Data excerpt -

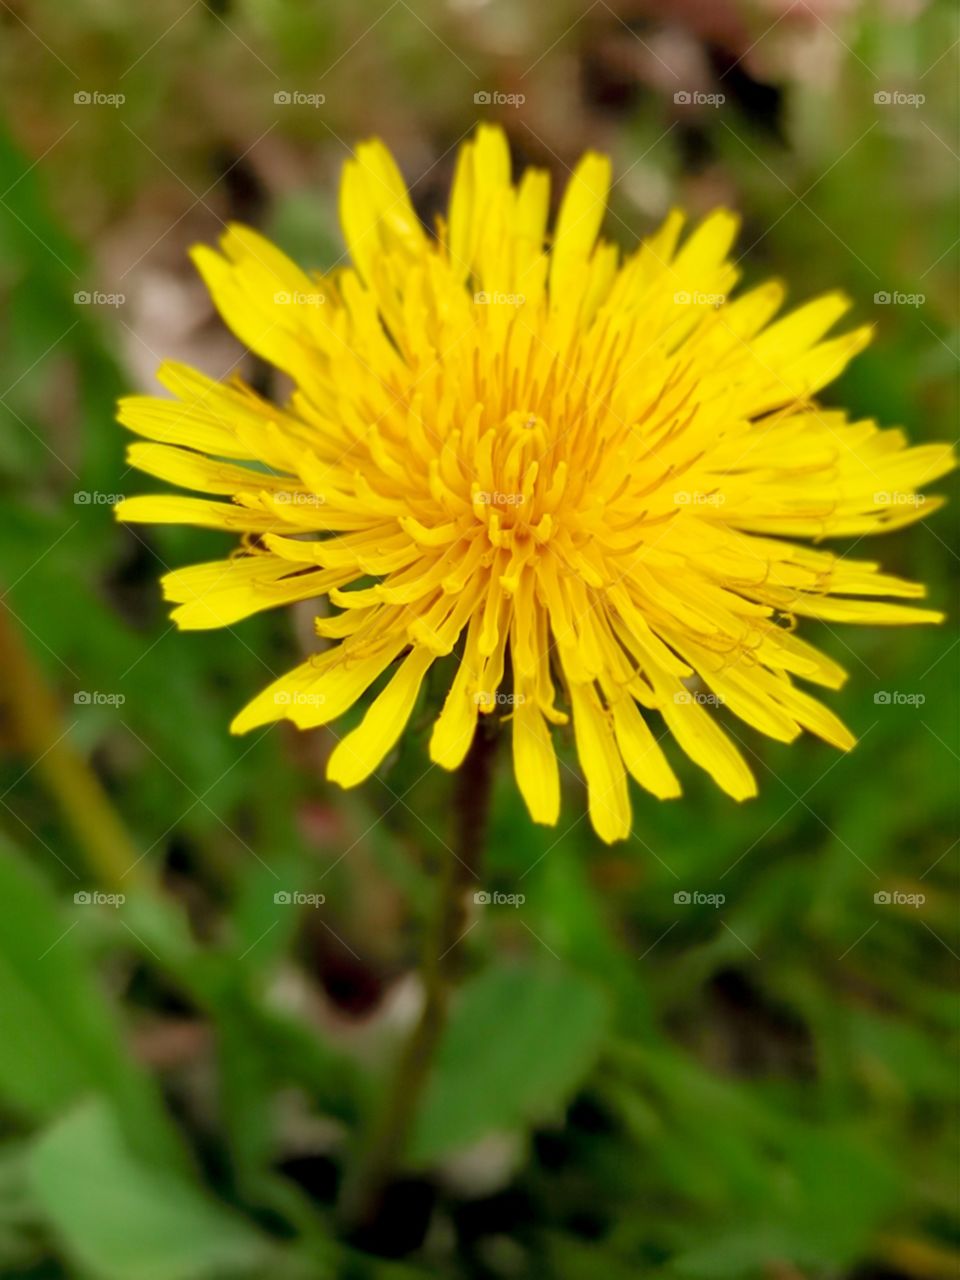 a bright yellow dandelion
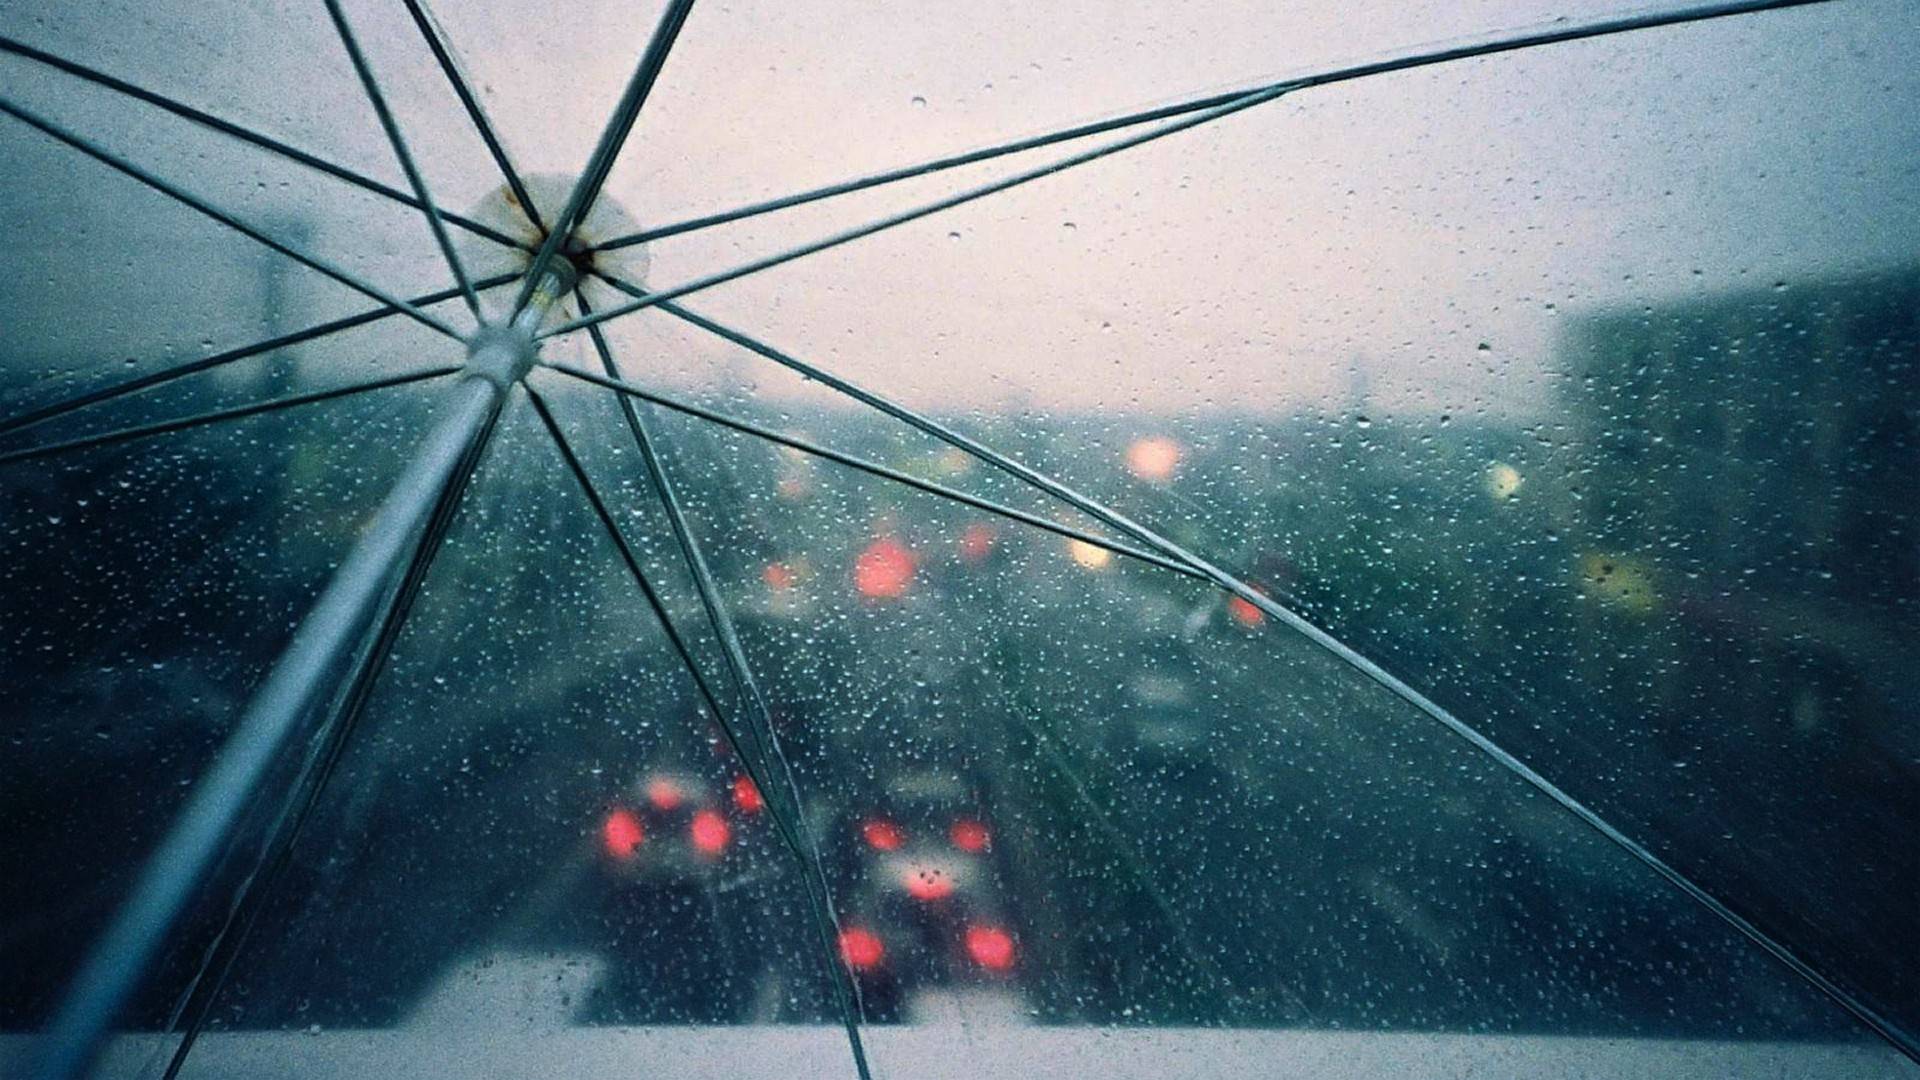 rainy images
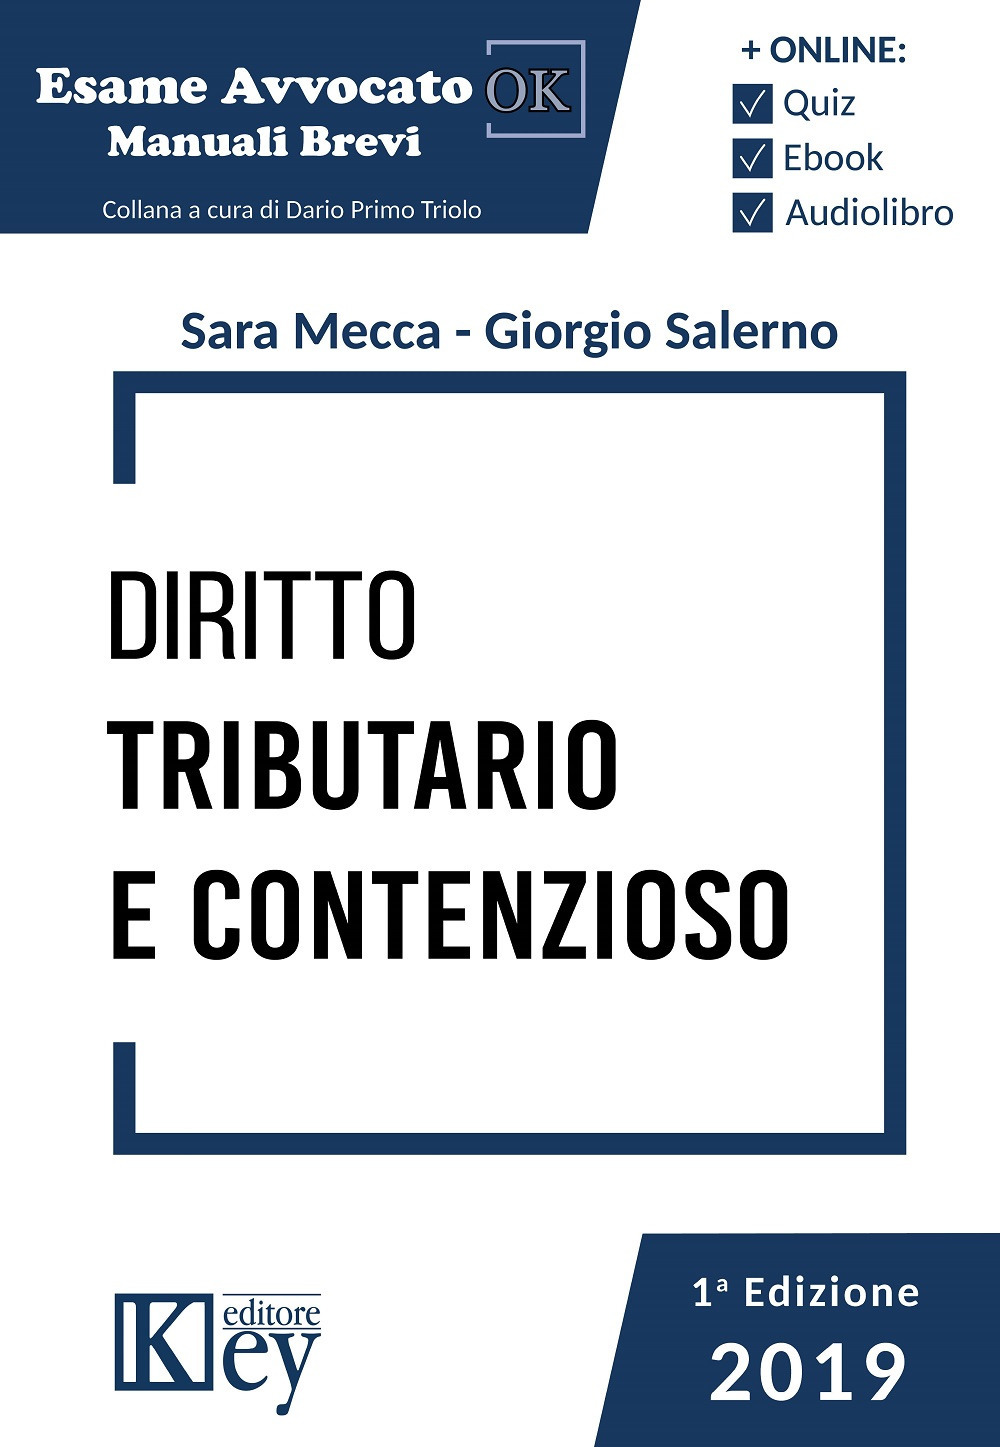 Libri Mecca Sara / Giorgio Salerno - Diritto Tributario E Contenzioso. Manuale Breve 2019 NUOVO SIGILLATO, EDIZIONE DEL 19/03/2020 SUBITO DISPONIBILE
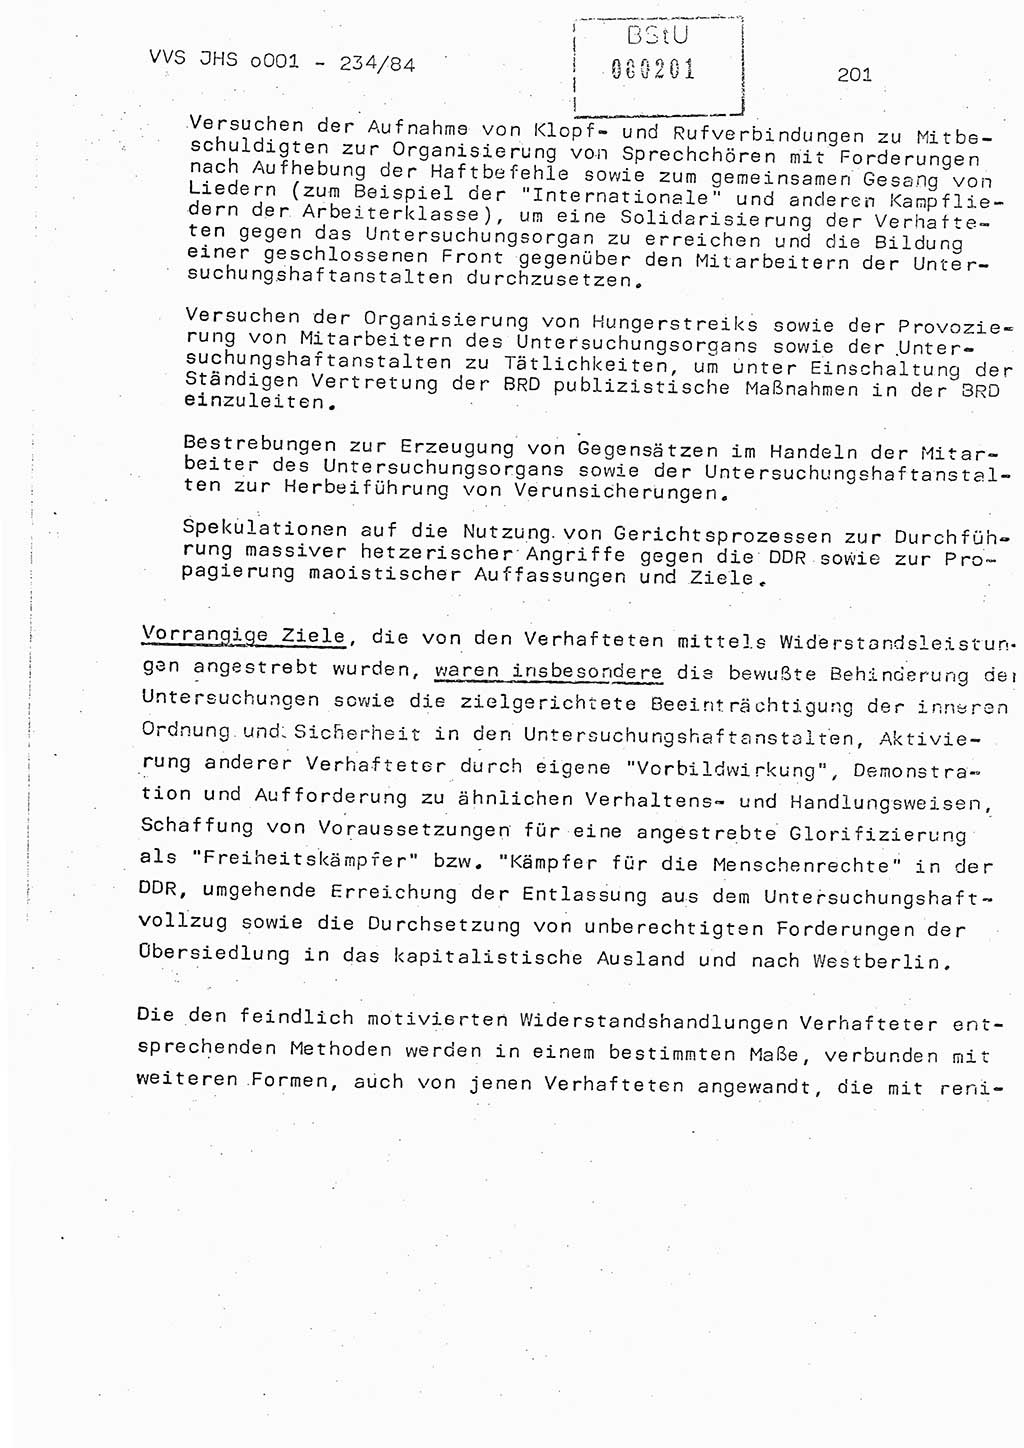 Dissertation Oberst Siegfried Rataizick (Abt. ⅩⅣ), Oberstleutnant Volkmar Heinz (Abt. ⅩⅣ), Oberstleutnant Werner Stein (HA Ⅸ), Hauptmann Heinz Conrad (JHS), Ministerium für Staatssicherheit (MfS) [Deutsche Demokratische Republik (DDR)], Juristische Hochschule (JHS), Vertrauliche Verschlußsache (VVS) o001-234/84, Potsdam 1984, Seite 201 (Diss. MfS DDR JHS VVS o001-234/84 1984, S. 201)

Exercise brief - Only the pictures stay behind; everything else in the data above is to be retyped exactly.

Exercise solution -
 a bright yellow dandelion
 rainy images
 Libri Mecca Sara / Giorgio Salerno - Diritto Tributario E Contenzioso. Manuale Breve 2019 NUOVO SIGILLATO, EDIZIONE DEL 19/03/2020 SUBITO DISPONIBILE
 Dissertation Oberst Siegfried Rataizick (Abt. ⅩⅣ), Oberstleutnant Volkmar Heinz (Abt. ⅩⅣ), Oberstleutnant Werner Stein (HA Ⅸ), Hauptmann Heinz Conrad (JHS), Ministerium für Staatssicherheit (MfS) [Deutsche Demokratische Republik (DDR)], Juristische Hochschule (JHS), Vertrauliche Verschlußsache (VVS) o001-234/84, Potsdam 1984, Seite 201 (Diss. MfS DDR JHS VVS o001-234/84 1984, S. 201)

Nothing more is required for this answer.